DATA UNDER STUDY:
[Start of Attachment]

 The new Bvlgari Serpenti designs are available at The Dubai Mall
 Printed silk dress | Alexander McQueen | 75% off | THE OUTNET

[End of Attachment]
[Start of Attachment]

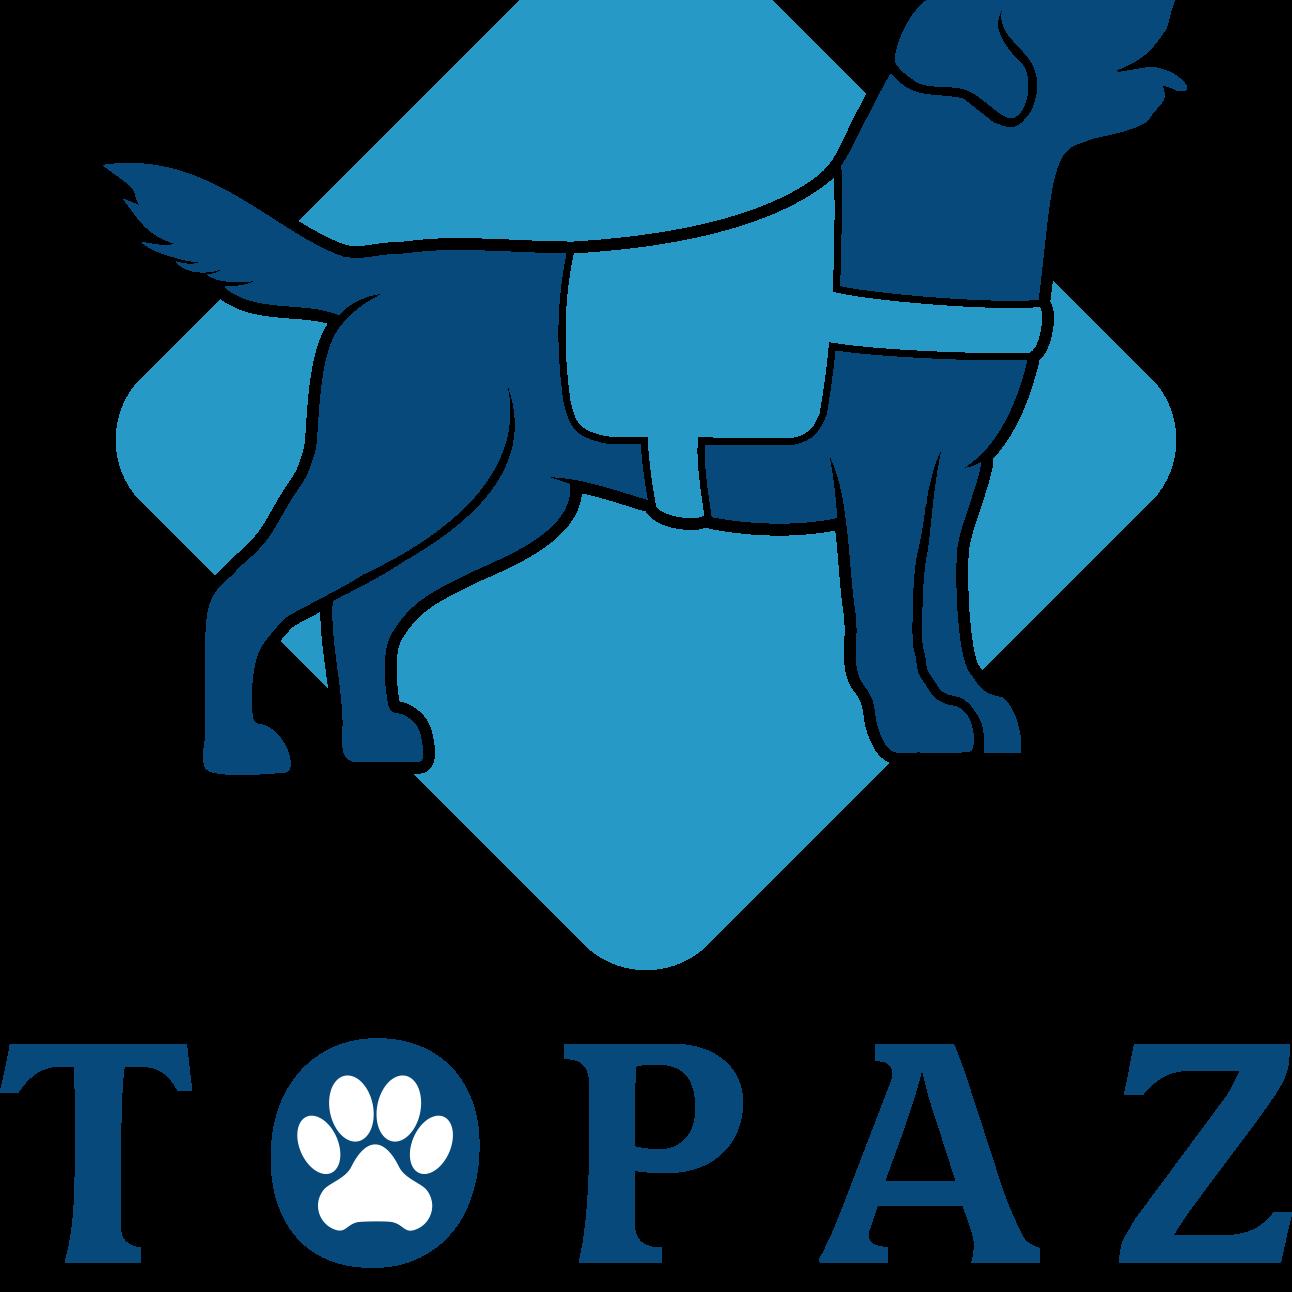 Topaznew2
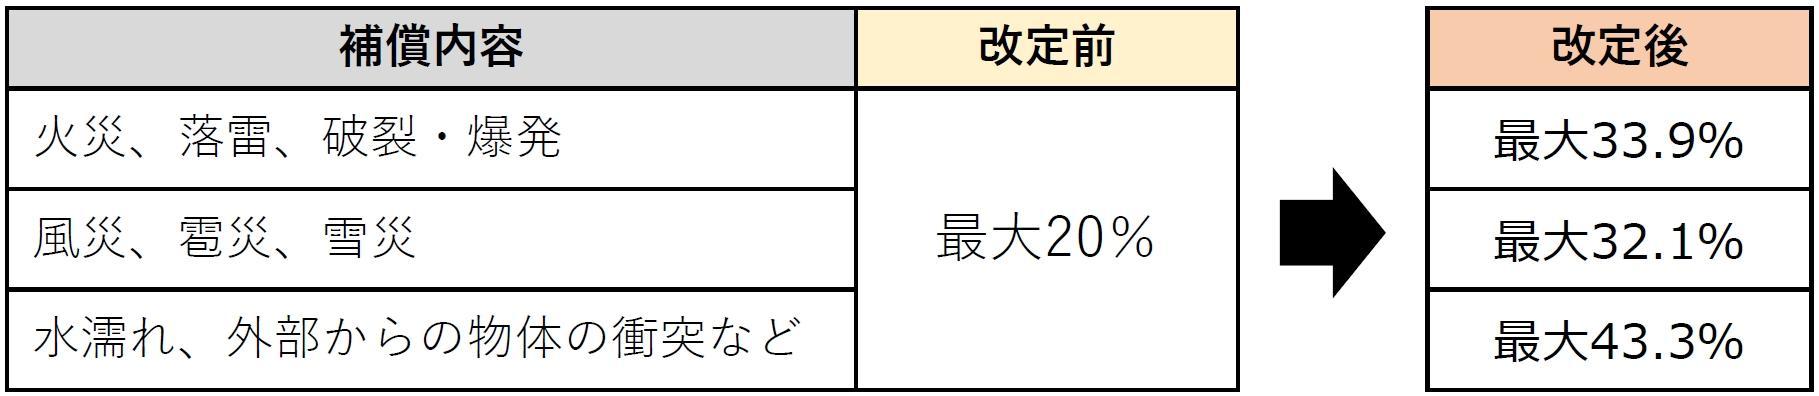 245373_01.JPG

[End of Attachment]
[Start of Attachment]

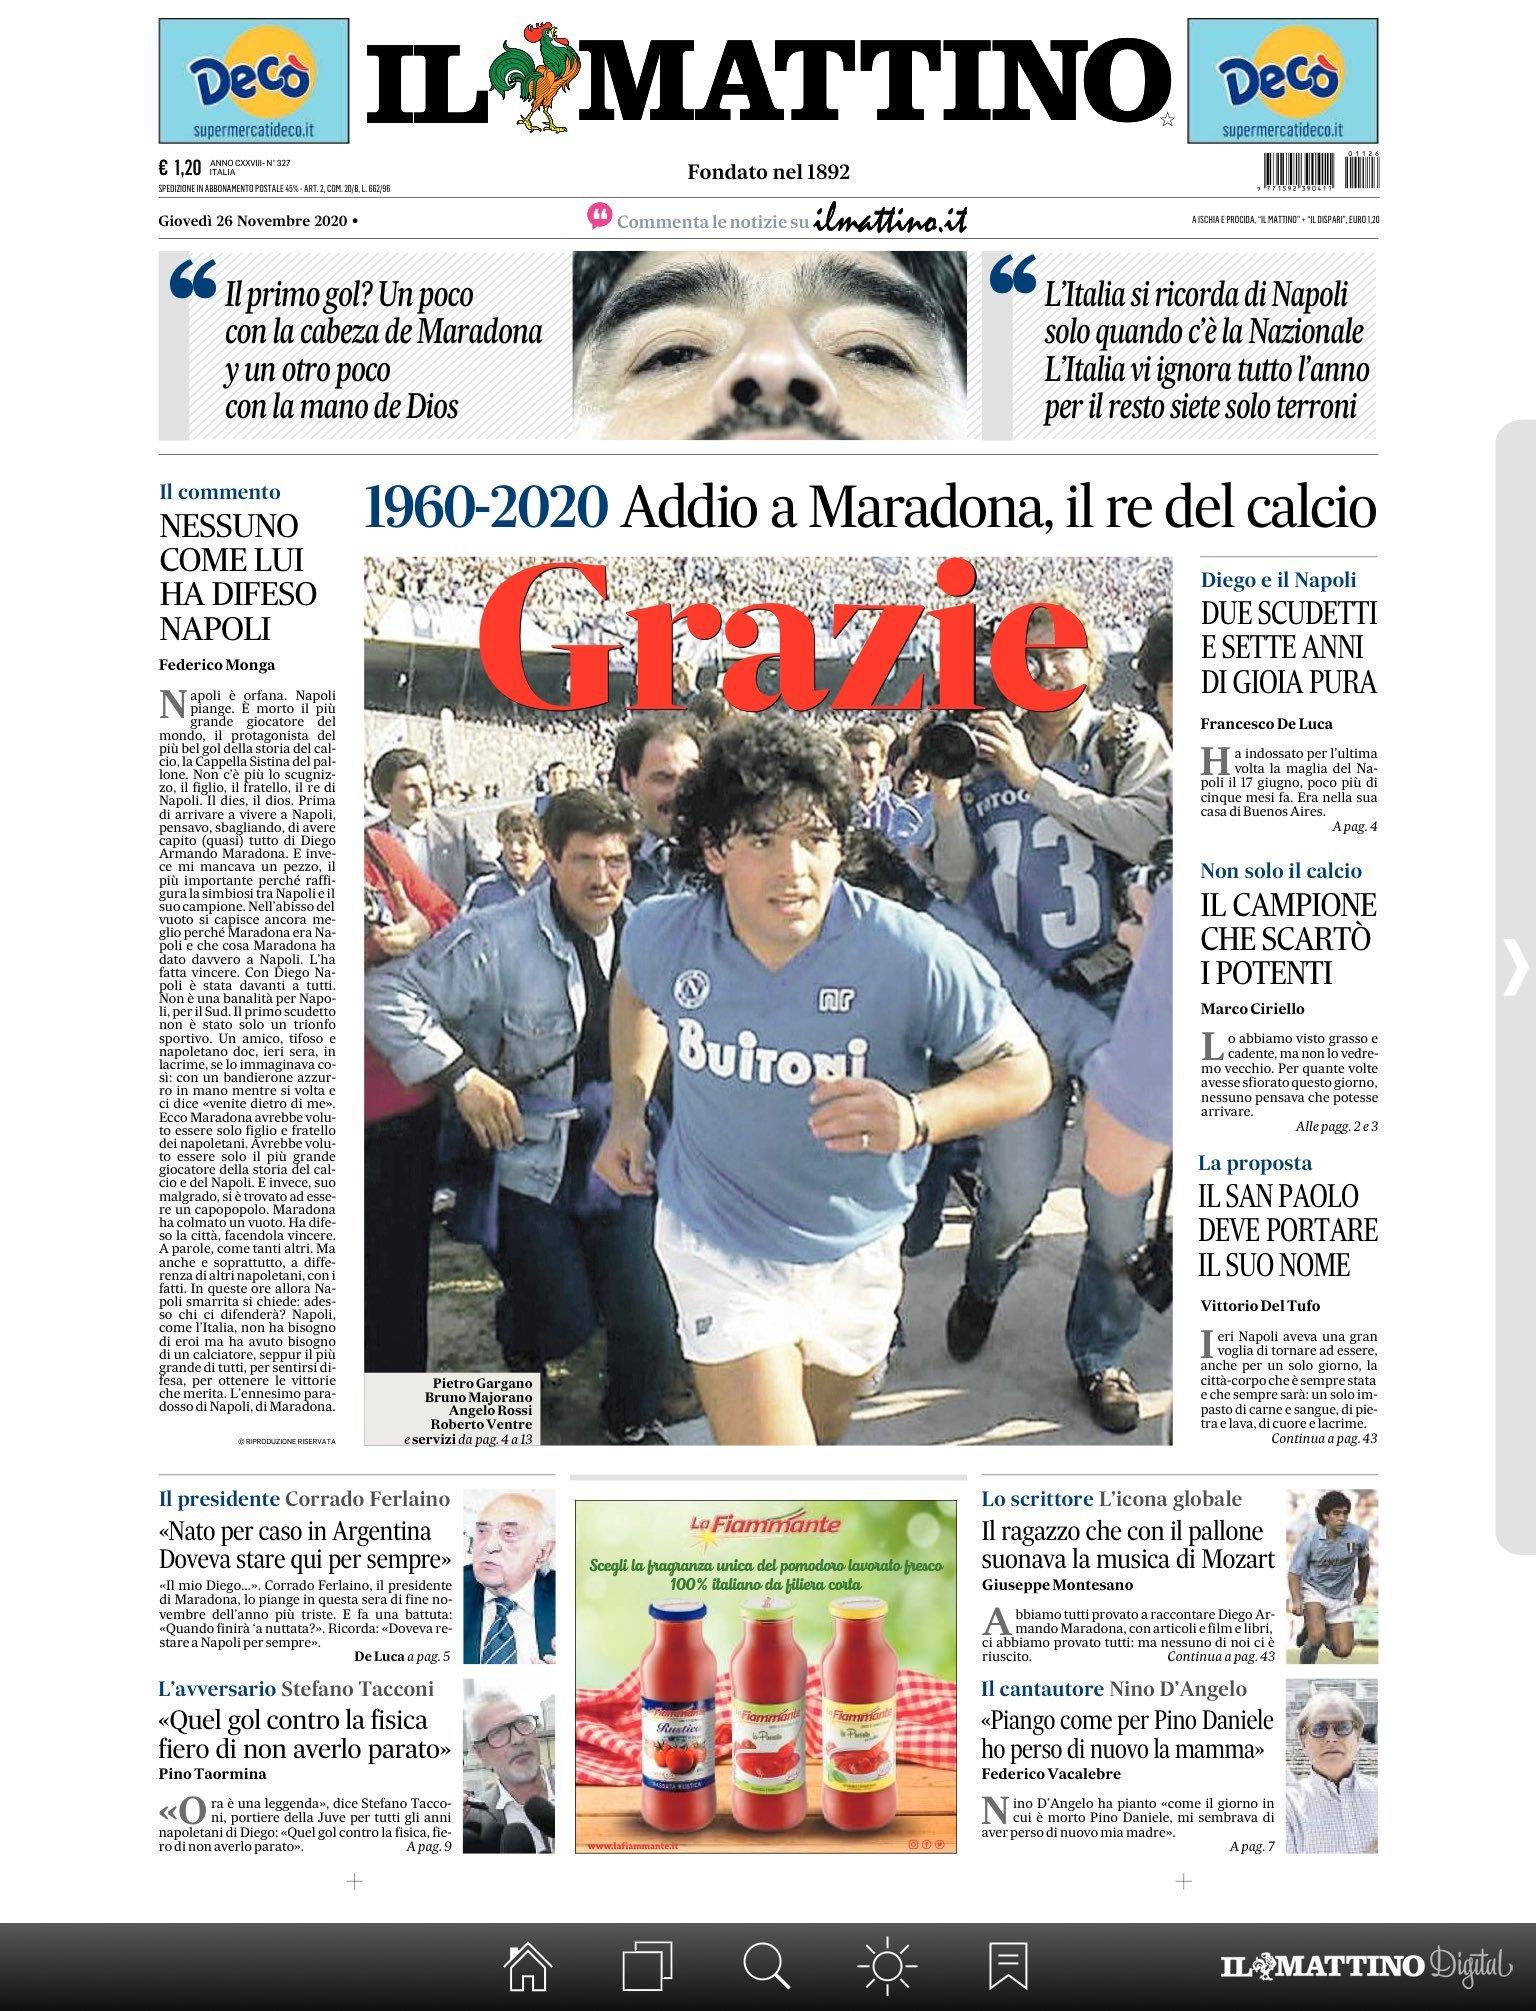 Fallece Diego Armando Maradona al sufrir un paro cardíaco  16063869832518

[End of Attachment]

EXERCISE DIRECTIONS: Out of the listing above, reproduce exactly the lines from the one with "The new Bvlgari" up to and including the one with "Printed silk dress".

ANSWER TO THIS EXERCISE:
 The new Bvlgari Serpenti designs are available at The Dubai Mall
 Printed silk dress | Alexander McQueen | 75% off | THE OUTNET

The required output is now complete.